Joly de Fleury responded to this emergency by asking the Paris Parlement to vote to refer the question of inoculation to the Faculties of Medicine and Theology at the Sorbonne. In June 1763 the Parlement ordered that no further inoculations take place in Paris until the Faculties had rendered their judgement on the matter. Inoculations were allowed to continue outside the city, and those already inoculated were required to maintain quarantine for six weeks.

This apparently pragmatic approach quickly foundered as the physicians could not agree and published rival reports. This started a war of polemics between proponents and opponents of the practice, which effectively became a proxy for the continued struggle between the philosophes and the clerical conservatives. Joly de Fleury was the object of much mockery and abuse during these exchanges. In particular, Joly de Fleury's efforts made him the target of one of Voltaire's satirical pamphlets, or facéties. Not only did Voltaire hate him for his opposition to the philosophes, but he was also in favour of inoculation.

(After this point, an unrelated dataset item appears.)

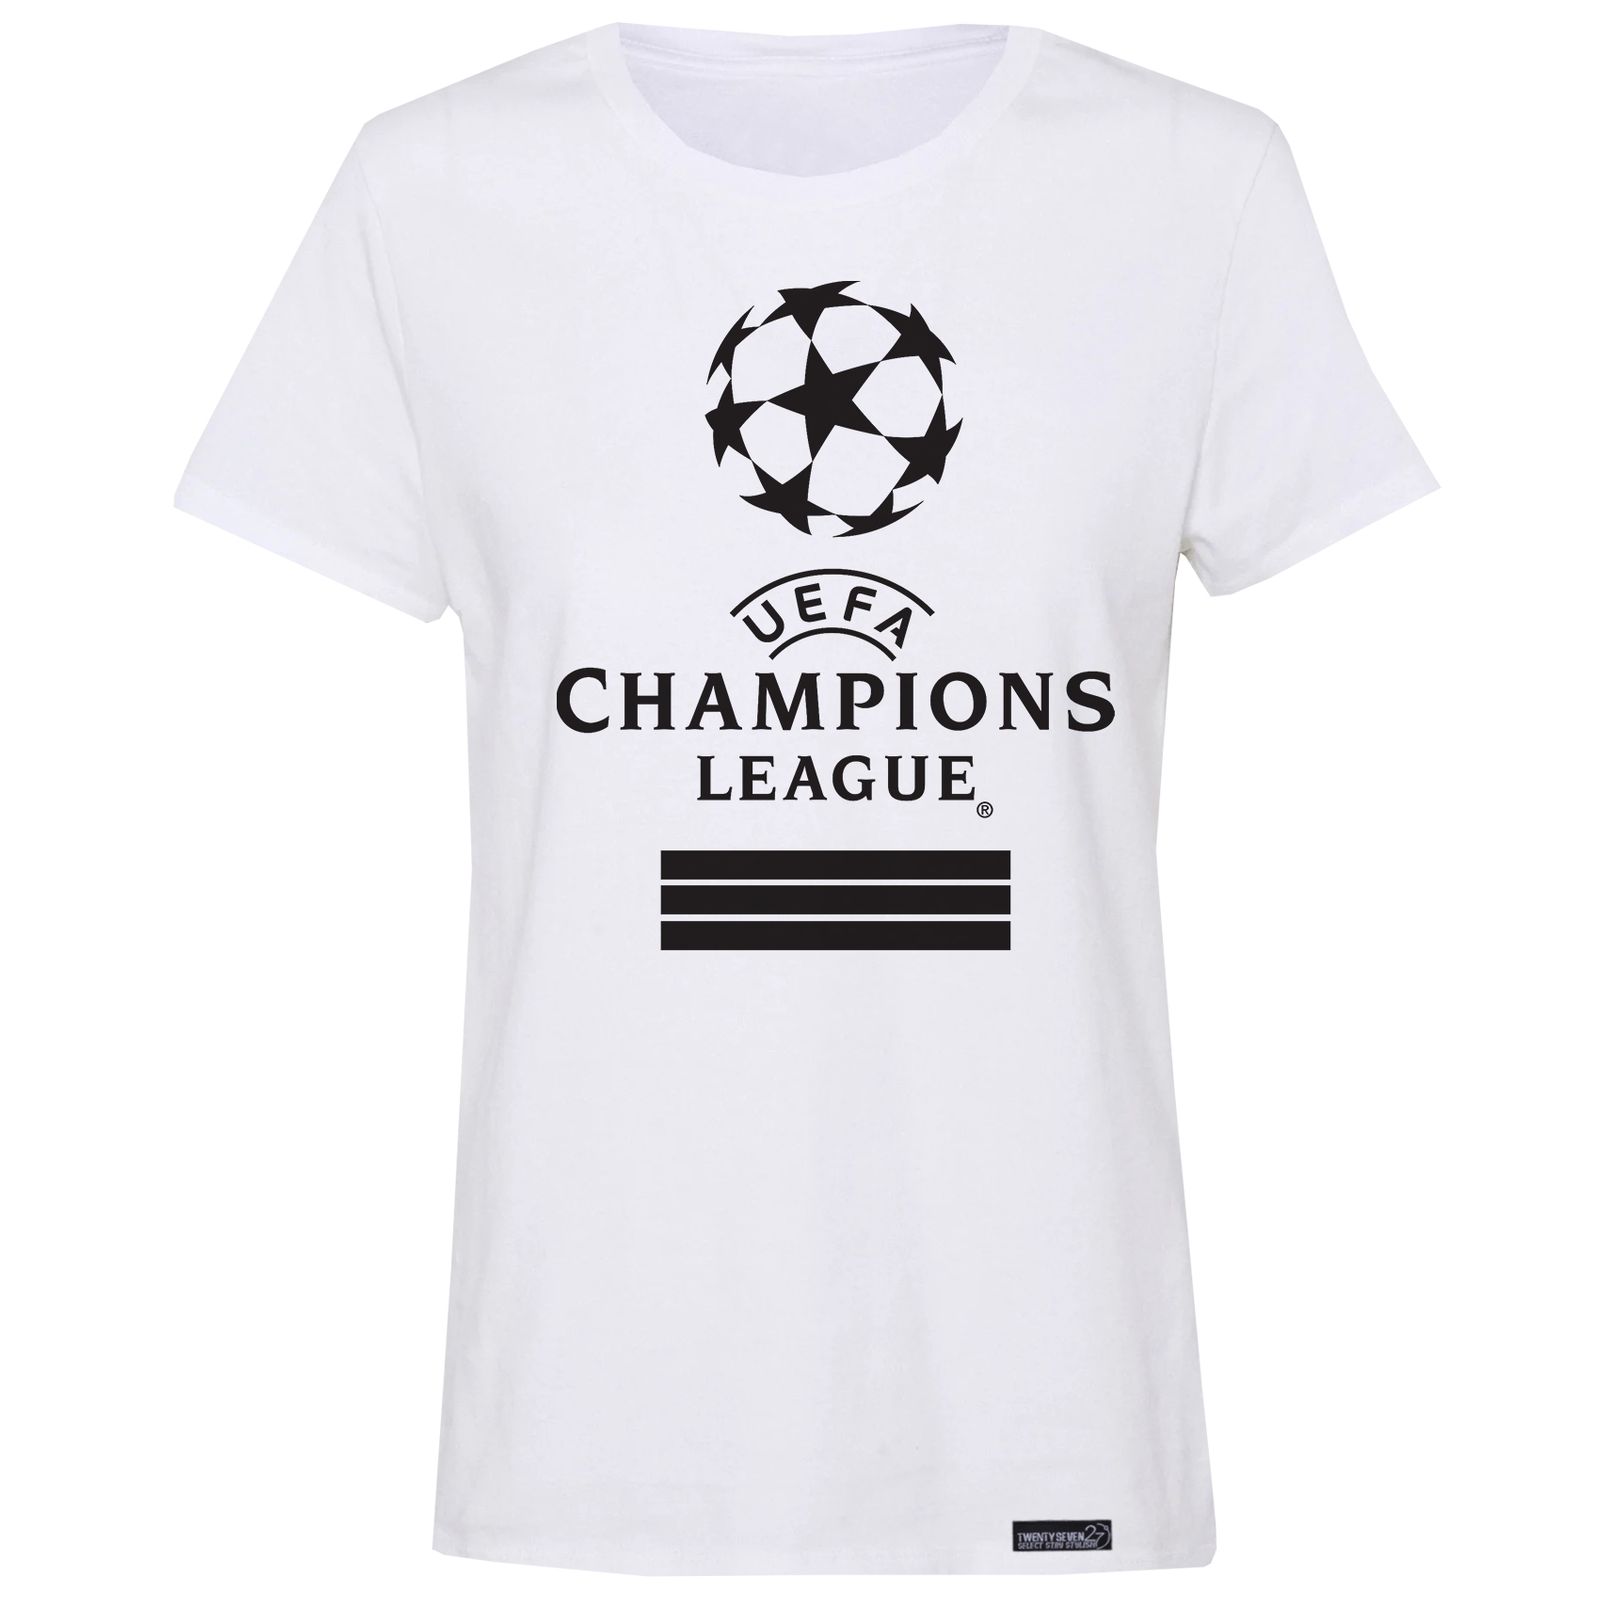 تی شرت آستین کوتاه زنانه 27 مدل Champions League کد MH25 -  - 3

==The Lally Tollendal affair==
Joly de Fleury was also involved in one of the longest-running and most acrimonious legal disputes in late eighteenth century France, the Lally-Tollendal case. Lally Tollendal was a French commander in India. Defeated by the British, he was taken as a prisoner of war to England. He was falsely accused of treason, and returned to France to clear his name. Joly de Fleury brought formal charges against him, but when his trial began in 1764, Lally Tollendal had not received any documentation of the charges, and was not allowed a defence lawyer. Throughout the trial, which lasted for two years, Lally Tollendal fought against Joly de Fleury's charges but on 6 May 1766 he was convicted and sentenced to death. On learning of his execution Voltaire began to campaign for his posthumous rehabilitation, which was obtained from Louis XVI in 1778. The case was considered to be one of the great miscarriages of justice in ancien regime France.